Tim - yes, black paint DID come off onto my rag when I applied the poly. This sucks!! haha. I do *NOT* want to redo this…UGH

Here are the two products I used together…..


----------



## TimK43

That means the mineral spirits in the poly pulled up some of the paint below. I think the only way to fix it is to sand off the poly and start over, as mentioned above…

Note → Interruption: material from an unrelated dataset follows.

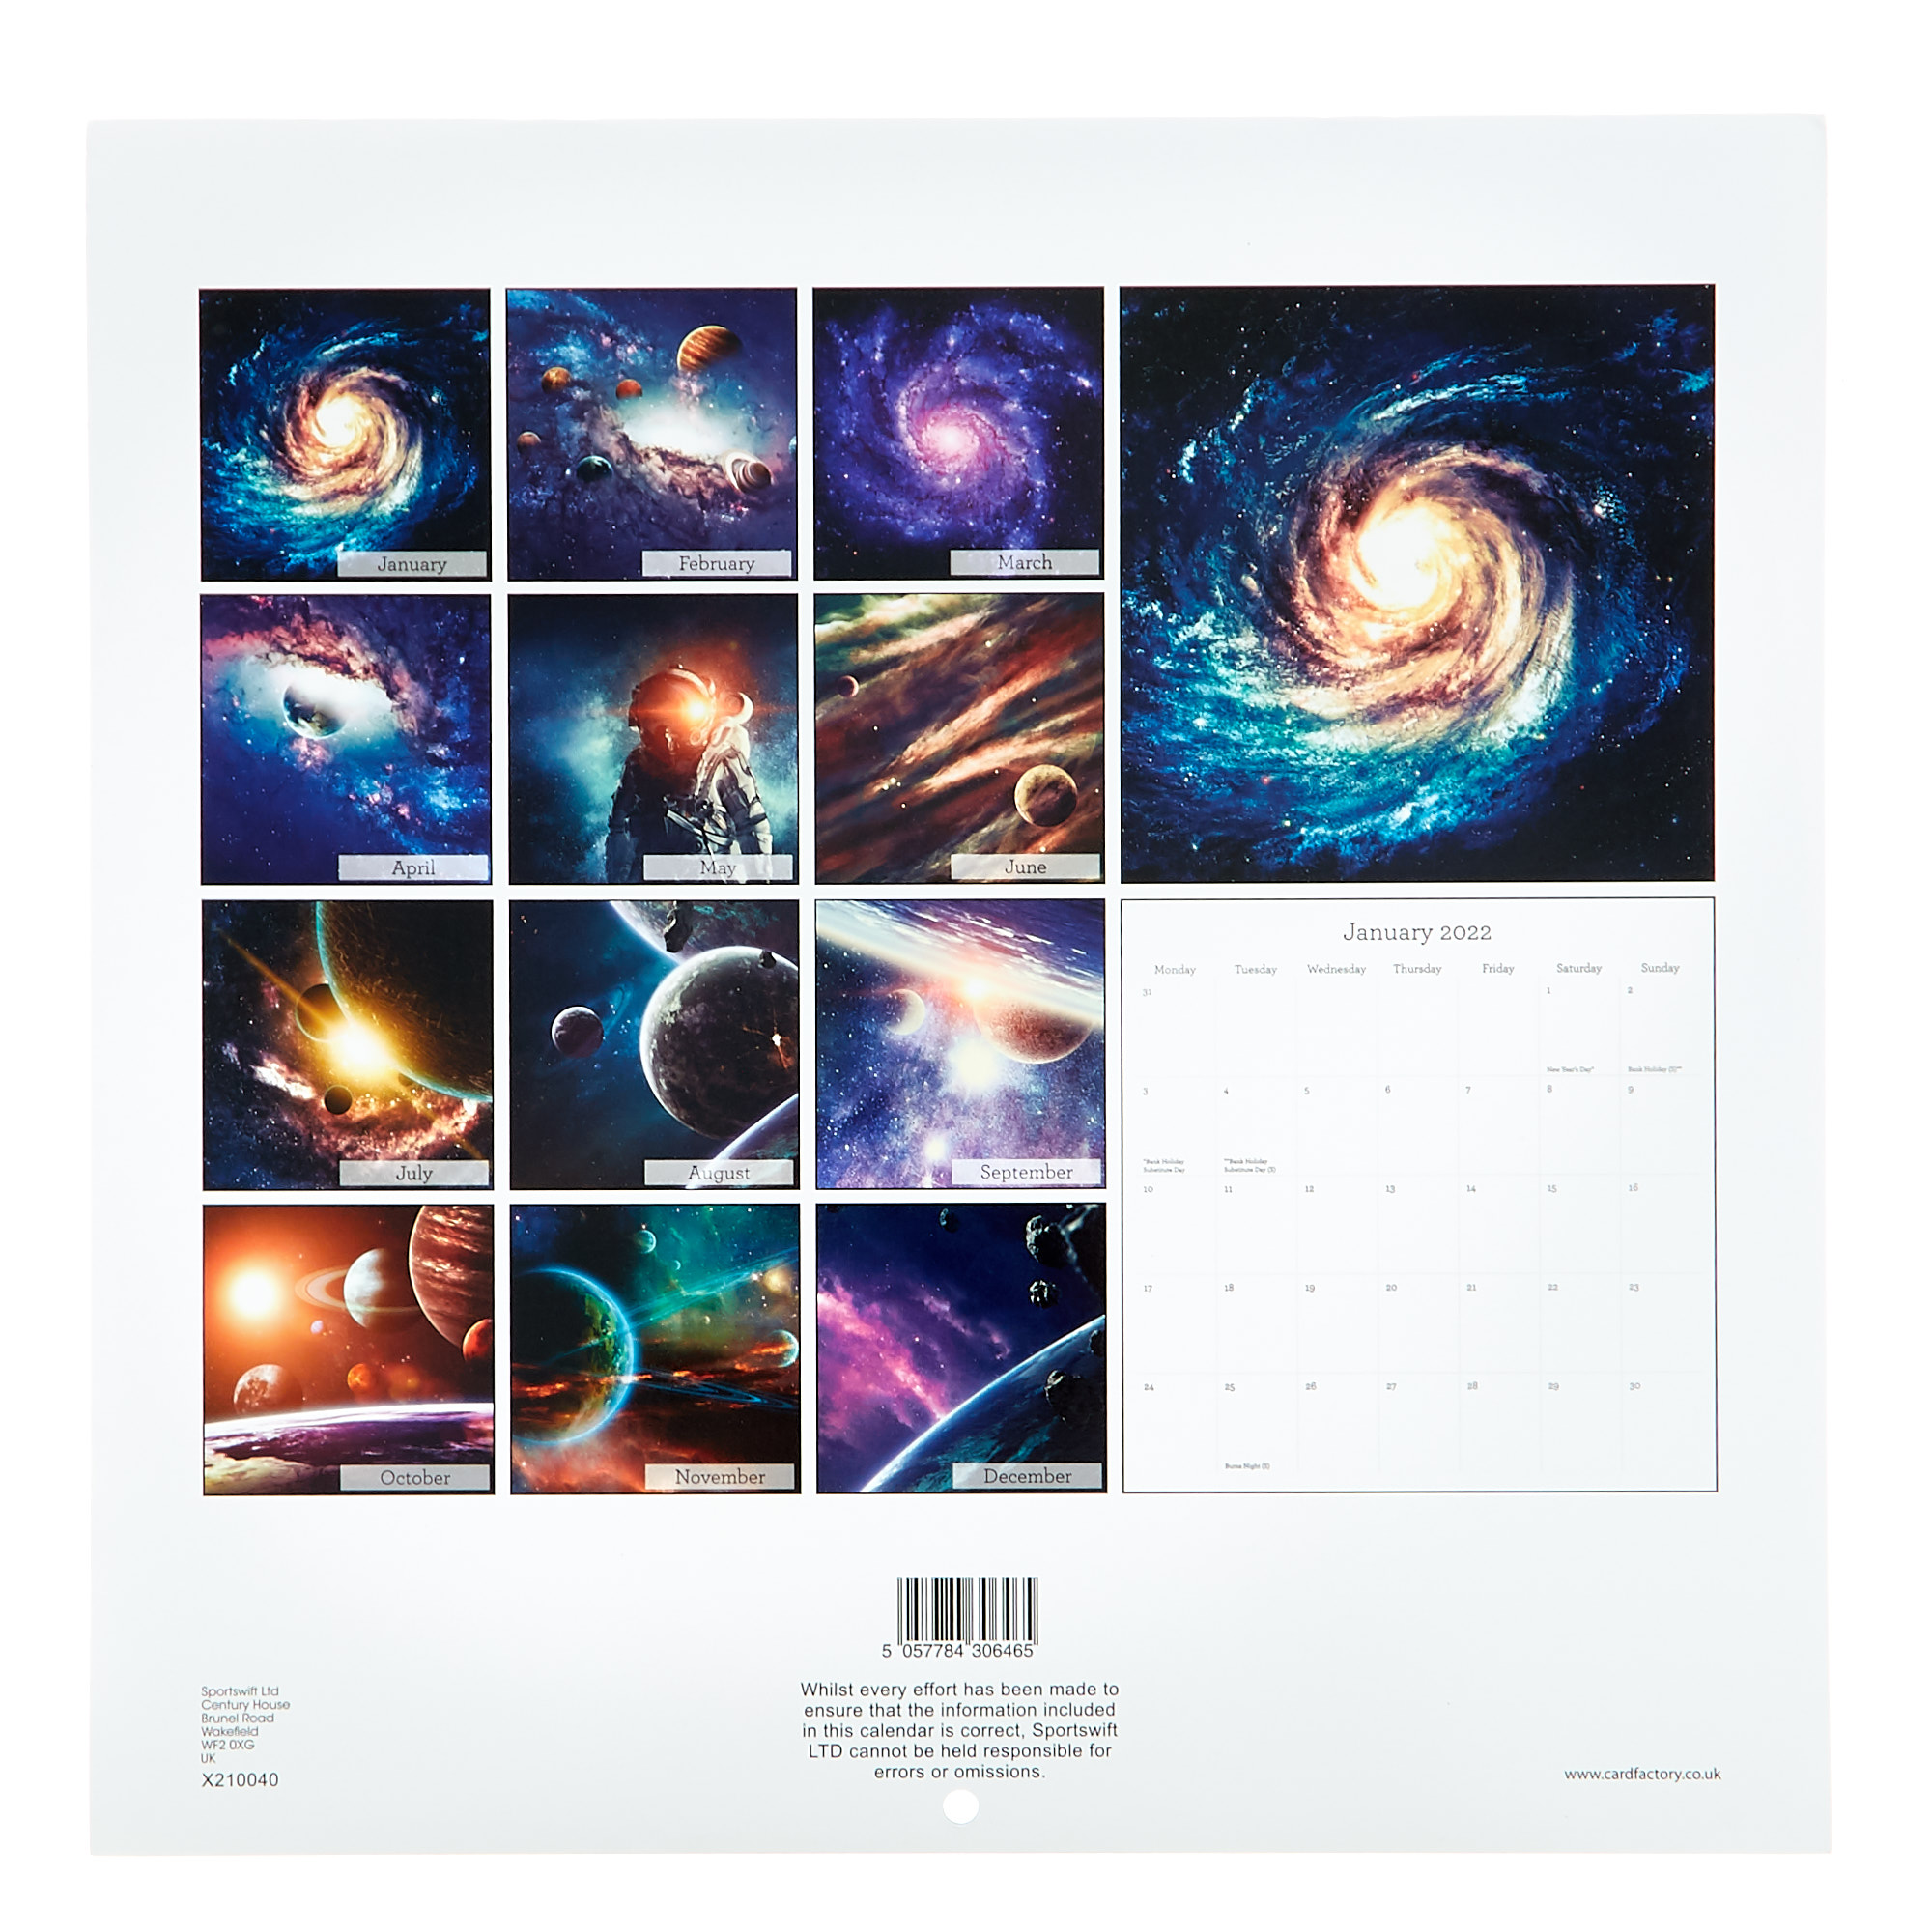 Space Calendar 2022 Buy Square 2022 Space Calendar For Gbp 2.00 | Card Factory Uk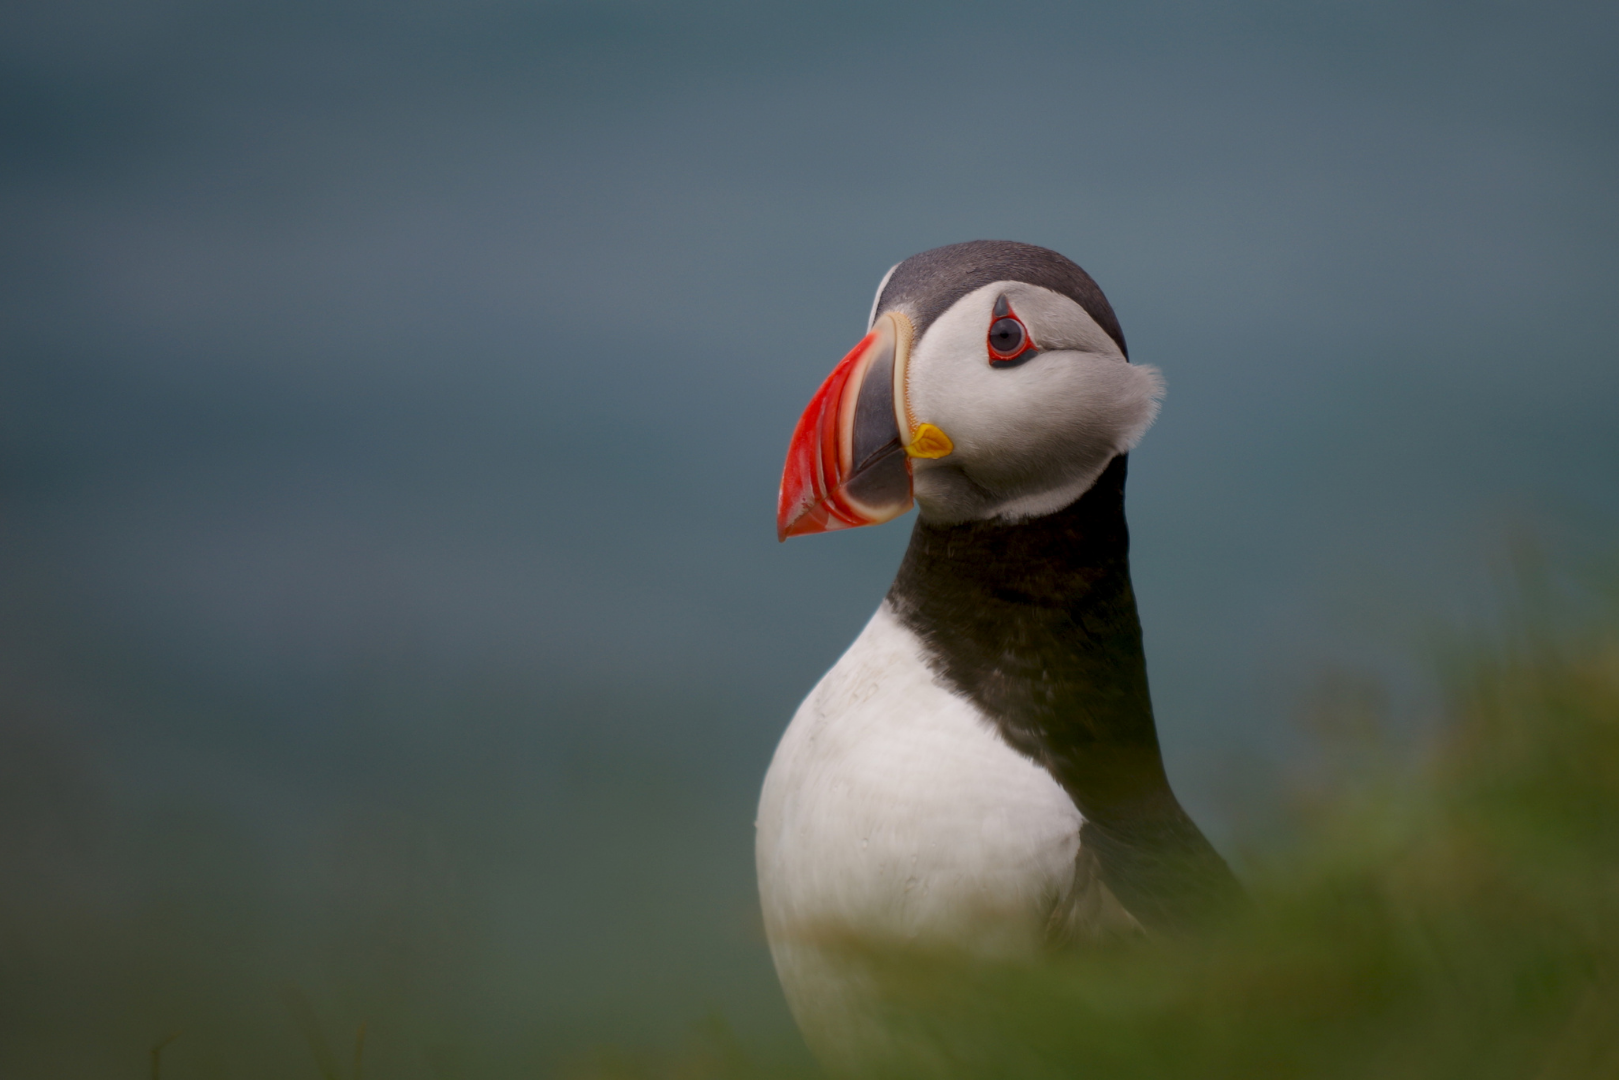 Atlantic Puffin  National Geographic

Sorry dak, lessons learned, I guess?

edit: Wipe-on poly has LOTS of mineral spirits in it.


----------



## Bertha

I made my own wipe on poly once and yes, there was a lot of mineral spirits in it! Tons of it. It's a handsome little stand and I'm sorry to see this happen. What if he sprayed on some Deft. Same result?


----------



## stevenhsieh

It seems to me that your didn't removed the dust completely.


----------



## dakremer

Steven - I'm beginning to think I didnt remove all the dust as well. When I first sanded the paint, I only blew the dust off with my air compressor. I'm thinking I should have wiped it down with a wet rag or something. I have reapplied another coat of poly. I am about to go into the shop and see what it looks like. I will post some pictures when I return…...thanks for all the help guys, I really appreciate it. I can't wait until I can get my own shop and have space for a finishing room, so I can spray all of my finishes on instead of wiping/brushing. Seems like all the REALLY REALLY nice finishes are sprayed on….


----------



## dakremer

Here is the second coat. It is not quite dry…the picture was taken about an hour after applying the second coat. I'm going to let it sit all tonight, and maybe tomorrow apply another coat, or maybe try buffing it out with something. Do you think that would help it?


----------



## TimK43

Looks a little bit better but still streaky. Do you have any regular poly? Maybe that won't affect the paint as much and simply lay over the top of everything. Worth a try at this point?


----------



## dakremer

Tim, I do not have any regular poly. I kind of like what Cosmicsniper said above about adding some black dye to the wipe-on-poly to cover up the streaks underneath. Problem is I dont have any dye. So unless a big box store sells dye, then I am out of luck. Otherwise anyone know places you cant get it? If I can get my hands on some dye, what part dye to poly?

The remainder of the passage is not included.